My daughter had today off from school and I had planned to do nothing more than go through the motions of cooking, cleaning, errands, and laundry.
As soon as she woke up this morning, she asked if we could go to Chick-Fil-A for lunch. While my brain said “no,” my lips said “yes” and I knew it must have been an act of God that caused that strange word to escape my mouth. You see, when it comes to requests like this, my default answer is “no” and sometimes I wonder if that is the only word I know.
No to Chick-Fil-A. No to fun.
There are a few reasons for this. 1) I am cheap, 2) I am trying not to raise entitled children whose lives revolve around treats and spending money, and 3) Fun takes so much work.
But if I’m being honest, it’s reason #3 that most often causes me to say no. Fun = work.

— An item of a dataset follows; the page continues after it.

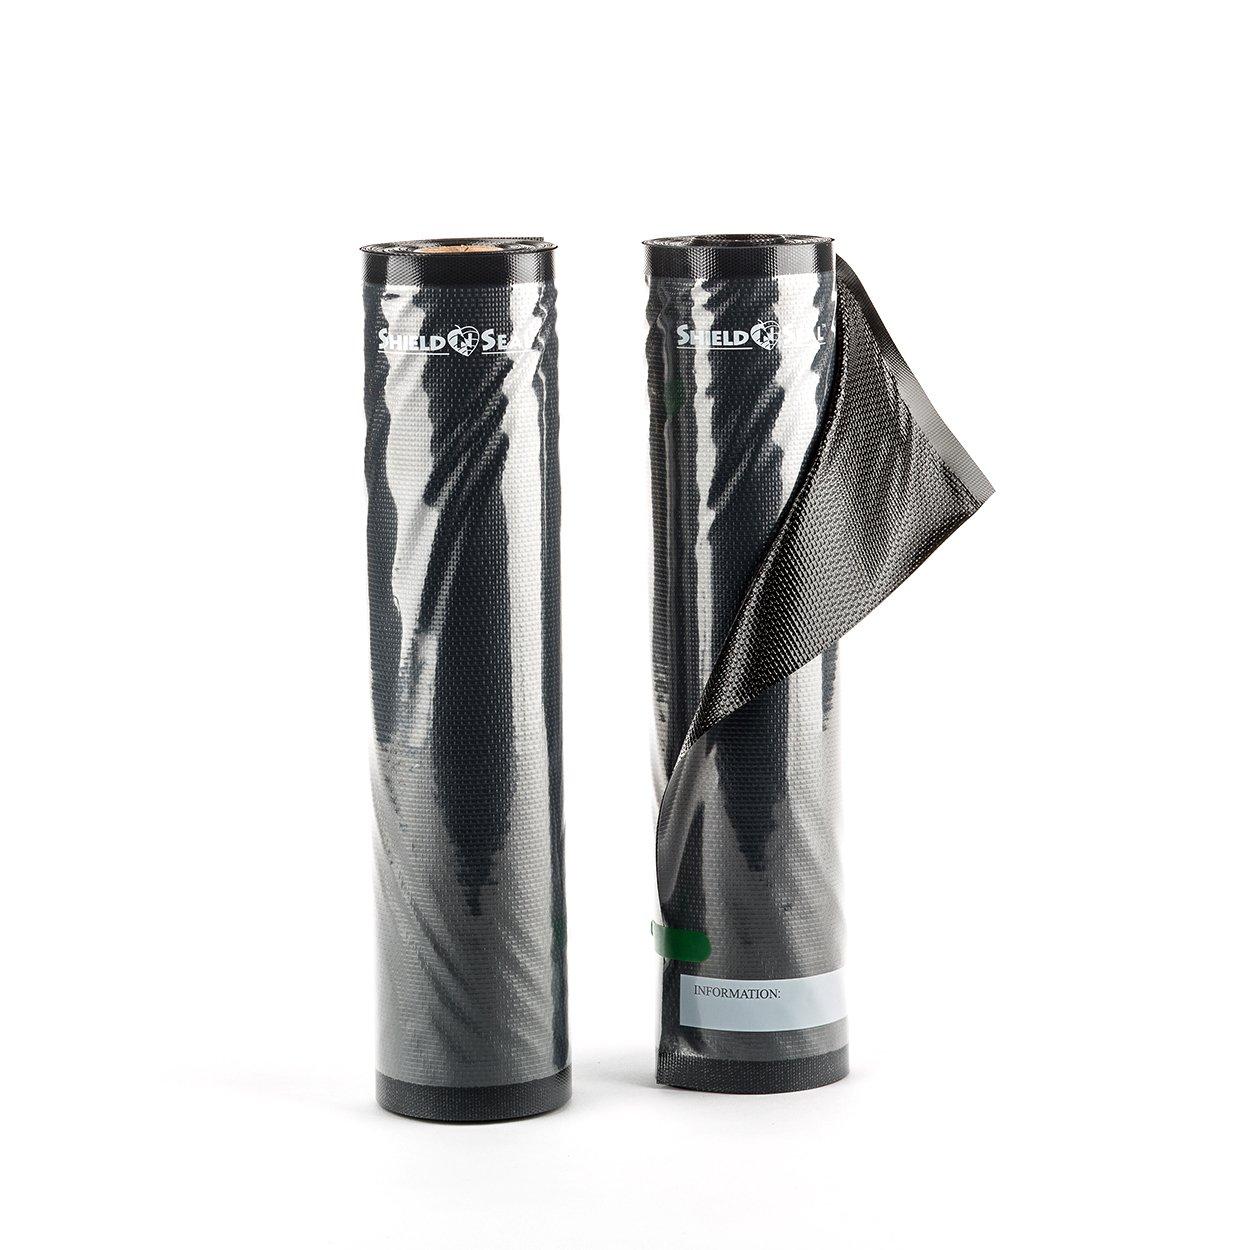 ShieldNSeal 11'' x 19.5' Clear & Black Vacuum Sealer Rolls SNS100 Food Storage Saver Heavy-Duty Bags Sous Vide

Fun means packing a day’s worth of food, accompanied by a variety of sippy cups, even if we will be gone for just an hour or two. Even if our destination is a restaurant full of food. Because it’s pretty much guaranteed that as soon as we arrive, my kids will suddenly be repulsed by the sight of chicken nuggets and waffle fries. They will instead beg for granola bars, fruit snacks, and goldfish crackers.

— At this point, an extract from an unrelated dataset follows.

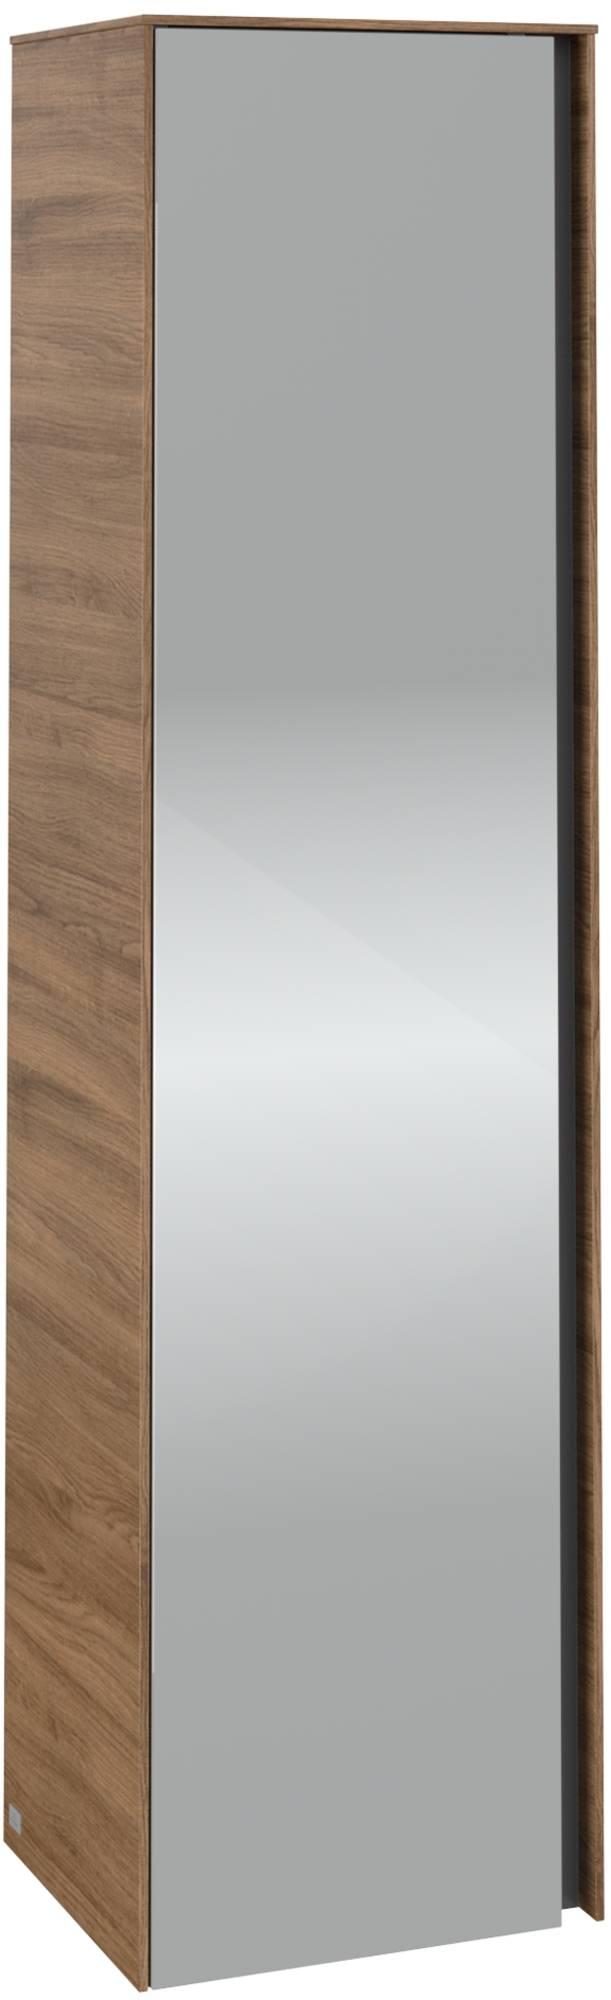 Villeroy & Boch Collaro Hoge kast 40,4x34,9x153,8 cm Oak Kansas

Fun means hauling around diapers and wipes and extra clothes in case the Little One experiences a diaper malfunction. And it turns out that the Big One still has an occasional accident which also requires an extra pair of undies and pants. And then there are the sweatshirts and jackets that will inevitably get left behind or lost.
Fun means dragging around a variety of distracting toys to entertain the Little One. It means spending 20 minutes retracing each of the Big One’s steps as we search for the most special of toys that was destined to be dropped and lost. It means tears of disappointment upon determining that it’s gone forever.

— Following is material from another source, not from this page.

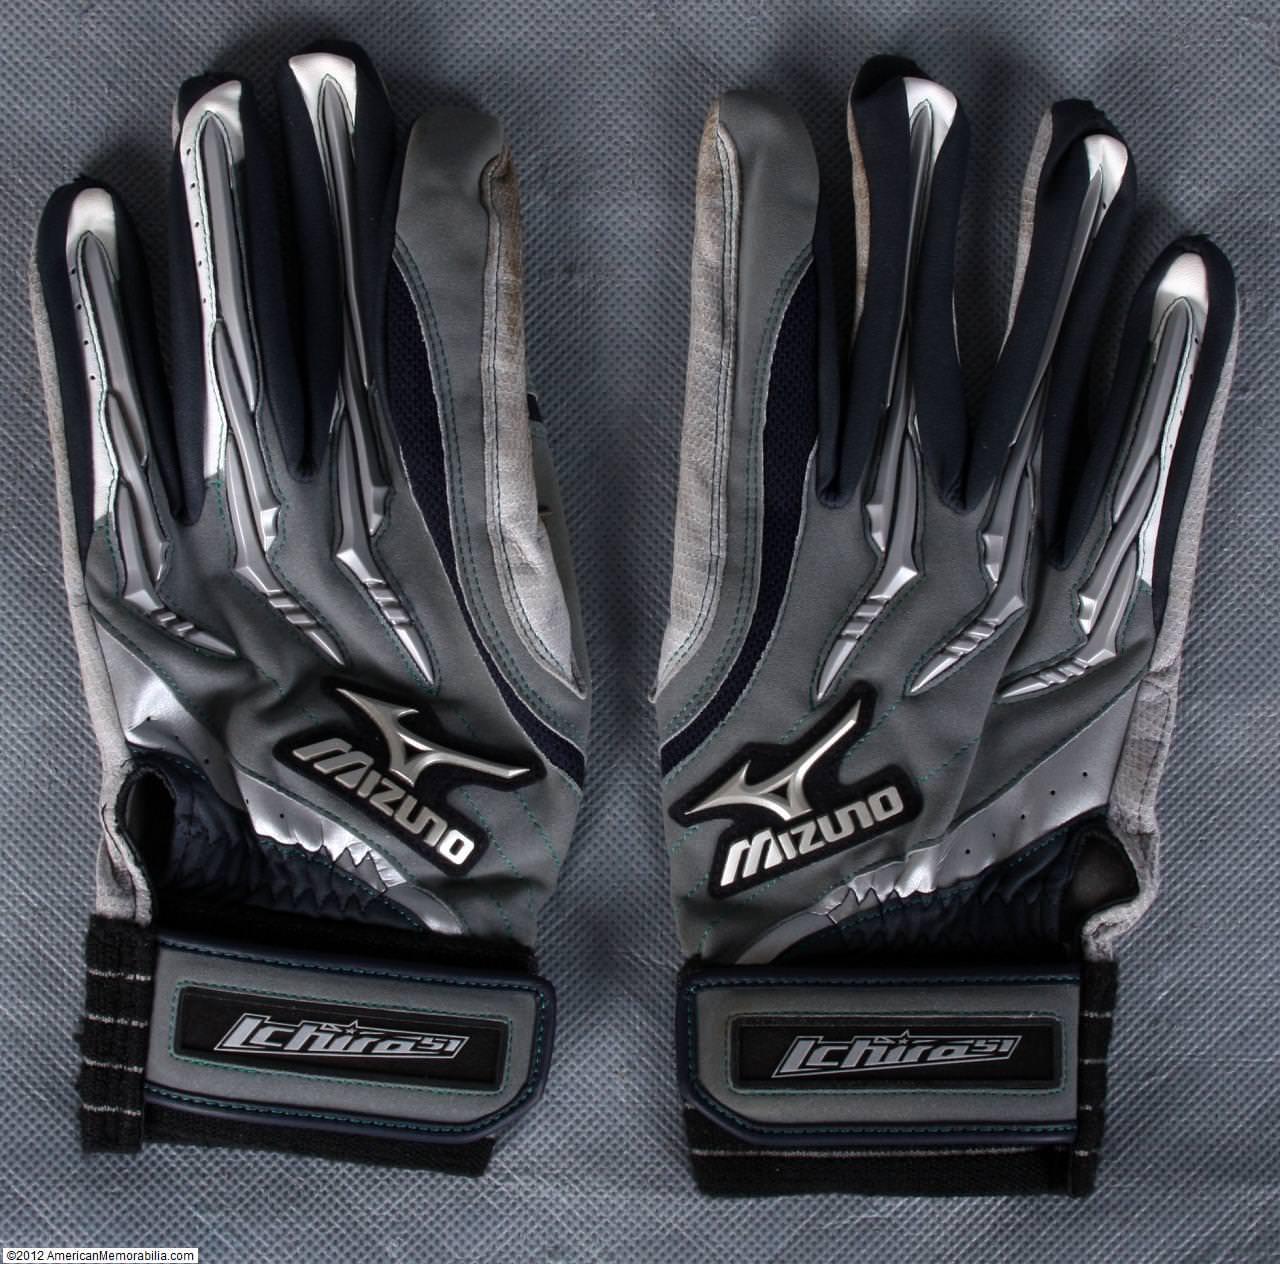 Mizuno Pro Limited Black Mizuno Pro Limited Batting

Fun means whining and crying when it’s time to eat their food. It means tantrums and screaming when it’s time to go home. It means no nap for the Little One as he is guaranteed to fall asleep in the car for 10 minutes, and then refuse an actual nap once he is home. It means matter-of-fact statements from the Big One declaring that she “didn’t even have fun.”
And this is just a sampling of the work that is involved with fun. Don’t even get me started on outings to the zoo and the swimming pool and birthday parties.
But despite saying “yes” to work and inconvenience, to spending money and a few extra rounds of whining and crying, I realized that I had said “yes” to so much more.
To laughter, as the Big One held the Little One on their trip down the slide together.
To exploration, as the Little One wandered around the indoor playground in awe.
To joy, as the Little One conquered the slide all on his own and the Big One helped celebrate that accomplishment.
To love, as I was inundated with hugs and kisses, an apparent reward for momentarily blessing my kids with my full attention.
And to peace in my heart as I realized that I had also said “yes” to quality time together-something that we could sure use a little more of. But you know, it takes work.
And lucky for me, today’s work paid off.